When Something Gets In Your Eye

When something gets in your eye

Anything like grit, dust or paint that gets into the eye is called a foreign body. There are two types of foreign bodies:

  • ‘Superficial foreign bodies’ – these stick to the front of the eye or get trapped under one of the eyelids, but do not enter the eye
  • ‘Penetrating foreign bodies’ – these penetrate the outer layer of the eye (cornea or sclera) and enter the eye – these objects are usually travelling at high speed and are commonly made of metal.

Foreign body first aid

If you get a superficial foreign body in your eye, gently rinse the eye with warm water. If you are on your own, an ‘eye bath’ using a clean measuring cup or something similar can make this easier.

Otherwise get someone to help rinse the eye while you are lying down.

Do not try to remove a foreign body with cotton buds, matchsticks or any other type of solid object. If you cannot remove the foreign body with the eyebath, go to your GP or local A&E unit.

You should also contact your doctor if you have had a foreign body in your eye and it continues to irritate you.

If you think something has gone into your eye while you have been grinding or hammering, even if you have little in the way of pain or loss of vision, it is essential that you consult a doctor immediately to report your injury as this could be serious.

How does the doctor make a diagnosis?

Superficial foreign bodies

The doctor will examine the eye using a fluorescein stain, which helps to detect any foreign material on the surface of the eye.

They will also turn the eyelid outwards to examine the underside of the lid and remove any foreign material from that surface.

The doctor can remove the material with a cotton bud, although occasionally they may need a small needle to lift any embedded particles from the eye. The doctor will apply some local anaesthetic drops to your eye before using one of these needles so that it does not hurt.

Top tips for avoiding eye injuries

It is essential to wear protective glasses or goggles to prevent foreign bodies entering your eyes when carrying out work or DIY tasks like:

  • Welding
  • Using a grinder
  • Using a sander
  • Using a Strimmer
  • Doing DIY.

If you have got something in your eye during one of these activities, a full eye examination will assess any damage you may have done. A serious injury can reduce your vision. The examination may show that the pupil is distorted and that there is blood inside the eye.

You may need to have your eye x-rayed or scanned if the doctor suspects there is foreign material inside the eye.

What happens if the foreign body is not removed from my eye?

If something superficial is lodged in your eye, this will tend to cause persistent irritation and may lead to conjunctivitis. Sometimes the foreign material becomes buried and stops causing problems, although there may be some scarring.

The damage caused by a penetrating foreign body in your eye depends on:

  • What the foreign body is made from
  • How much damage it causes as it passes into the eye.

Metal foreign bodies that have iron in them can cause a condition called ‘siderosis’, which gradually leads to poor vision over the following months and years.

Some other metals and vegetable materials may cause rapid destruction of the eye or infection inside the eye.

A small foreign body can enter the eye and cause no apparent damage, but it may lead to bleeding within the eye, early cataract formation or damage to the retina. Surgery may be required to correct this damage.

How is a penetrating foreign body removed?

You will need an operation to remove a foreign body if it has penetrated inside the eye. This usually takes the form of a ‘vitrectomy’ – where part of the vitreous gel is removed from the middle of the eye. It involves going into the eye to remove the foreign material with fine surgical forceps.

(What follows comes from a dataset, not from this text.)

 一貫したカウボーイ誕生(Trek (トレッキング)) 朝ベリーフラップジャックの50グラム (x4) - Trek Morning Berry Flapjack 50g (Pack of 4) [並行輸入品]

At the same time, any damage to the eye caused by the entry of the foreign material can be repaired. This may involve:

  • Removing a haemorrhage
  • Removing the lens
  • Suturing any defect of the globe
  • Repairing any retinal damage.

Will there be any long-term effects?

Superficial foreign bodies are not sight-threatening injuries and the eye tends to make a full recovery. However, if you keep getting foreign matter in your eyes they may cause scarring and your vision may deteriorate.

Penetrating foreign bodies are potentially very serious and may lead to blindness or loss of the eye, even if treated appropriately.